PARKINSON DISEASE PREDICTION
Neurodegenerative disease
When nerve cells in the brain or peripheral nervous system begin to lose their functionality over time and eventually die, this is known as a neurodegenerative illness.
Although some neurodegenerative disease symptoms can be alleviated with particular medications, there is presently no cure and just a slowing of the disease's progression.
Alzheimer’s disease and Parkinson’s disease are the most common neurodegenerative diseases.
Scientists are aware that a person's chance of getting a neurodegenerative disease is influenced by both their genes and environment.
For instance, even if a person has a genotype that predisposes them to Parkinson's disease, their exposure to the environment can still influence whether, when, and how severely they are impacted.
This article explains a predictive model of Parkinson's disease.
The dataset for this model was obtained from UCI ML Parkinson's dataset.
The dataset is composed of a range of biomedical voice measurements.
195 observations were made and each feature is a particular voice measure.
The aim of the data is to discriminate healthy people from those with Parkinson's disease.
Modules used
import pandas as pd
import numpy as np
import matplotlib.pyplot as plt
import seaborn as sns
from sklearn import svm
from sklearn.preprocessing import StandardScaler
from sklearn.model_selection import train_test_split
from sklearn.metrics import accuracy_score, confusion_matrix
Preprocessing
parkinson_data = pd.read_excel("parkinsons.xlsx")
parkinson_data.head()
parkinson_data.describe()
As seen above, 50% of respondents have an average vocal fundamental frequency greater than 148.79.
these and other statistical information helps in other analysis and also building a predictive model
parkinson_data.info()
This dataset does not have any missing values, which is a good thing.

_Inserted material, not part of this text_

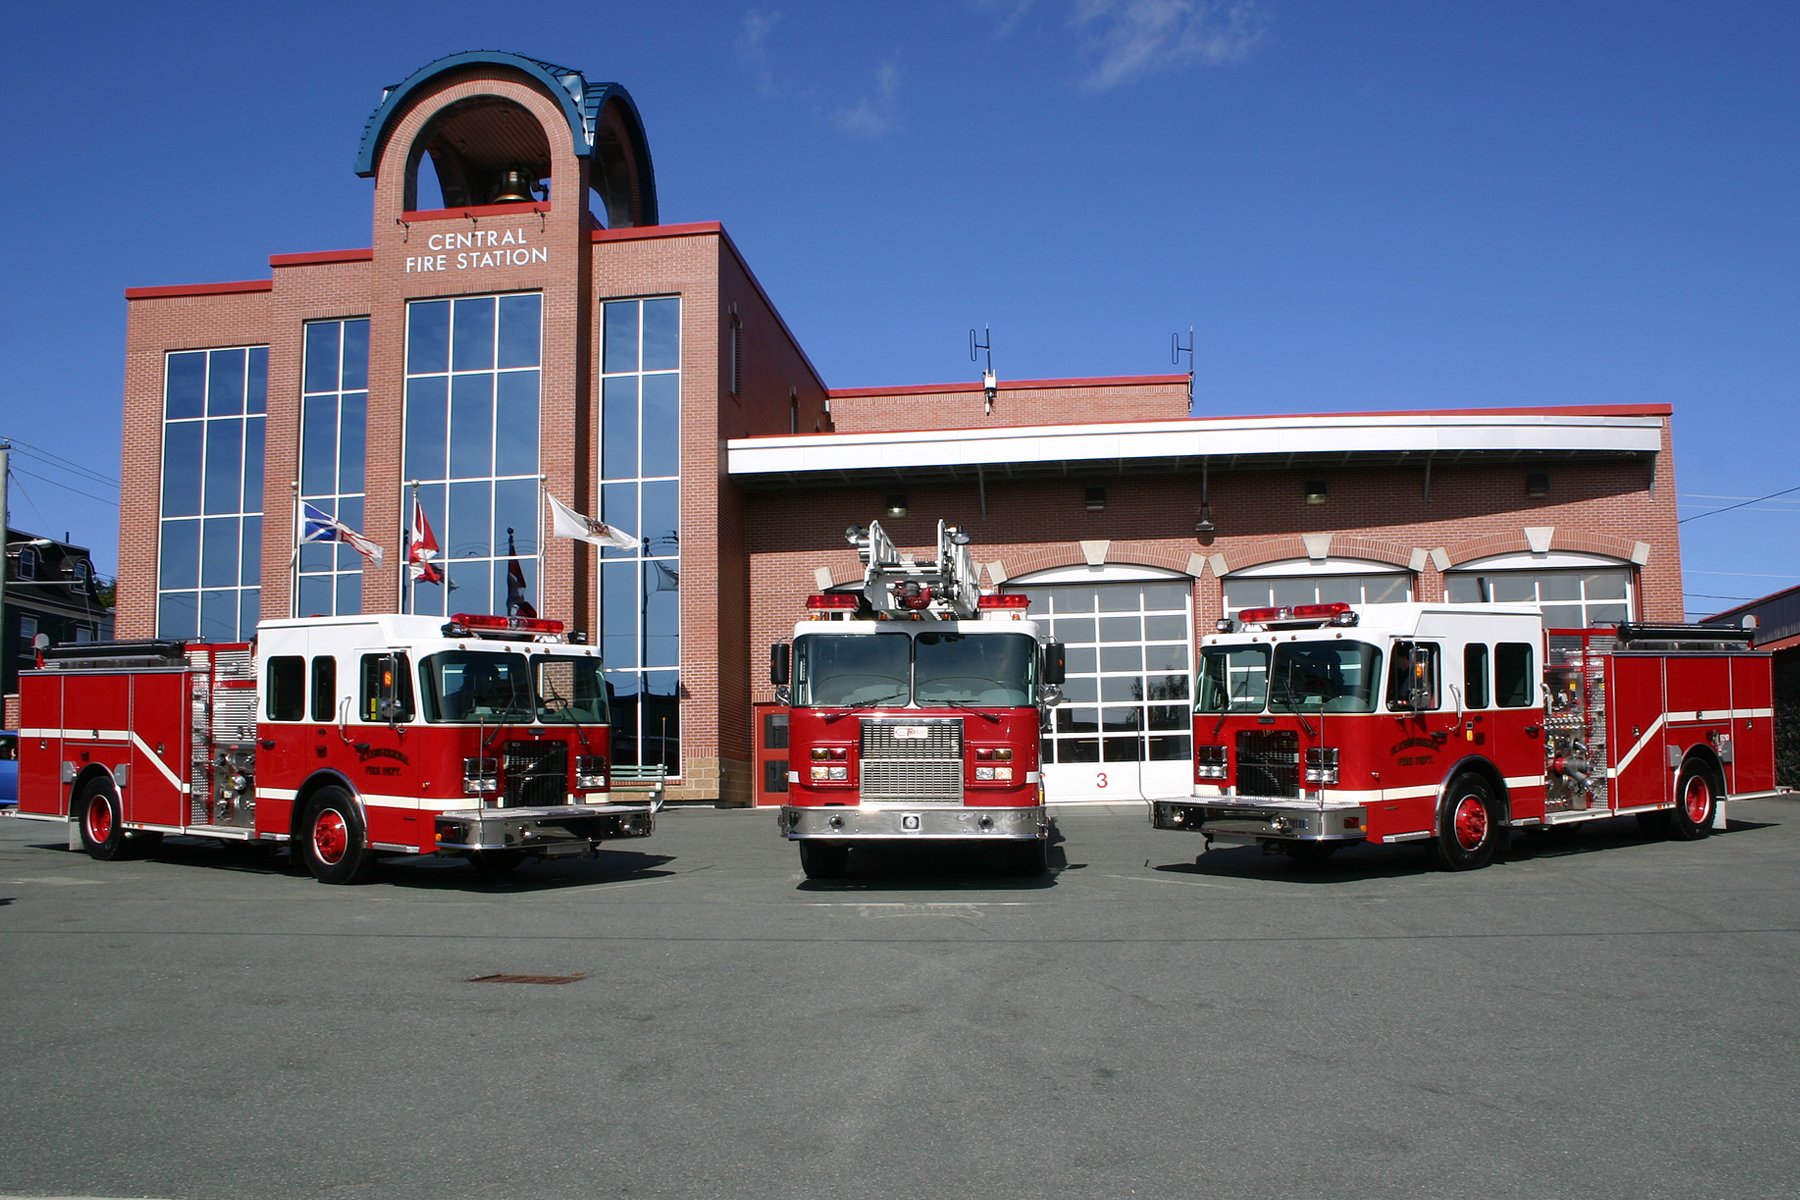 Photo of Central Fire Station, Harvey Road with three fire trucks in front of the building

we notice also that, the features are of float data type which is friendly for algorithms to learn.
To further gain insight from this data, we can ask some questions.
How different is a PD patient's voice from that of a healthy person?
How do the HNR and NHR of a respondent with Parkinson's disease relate to one another?
Does an increase in Signal fractal scaling exponent affect average vocal fundamental frequency?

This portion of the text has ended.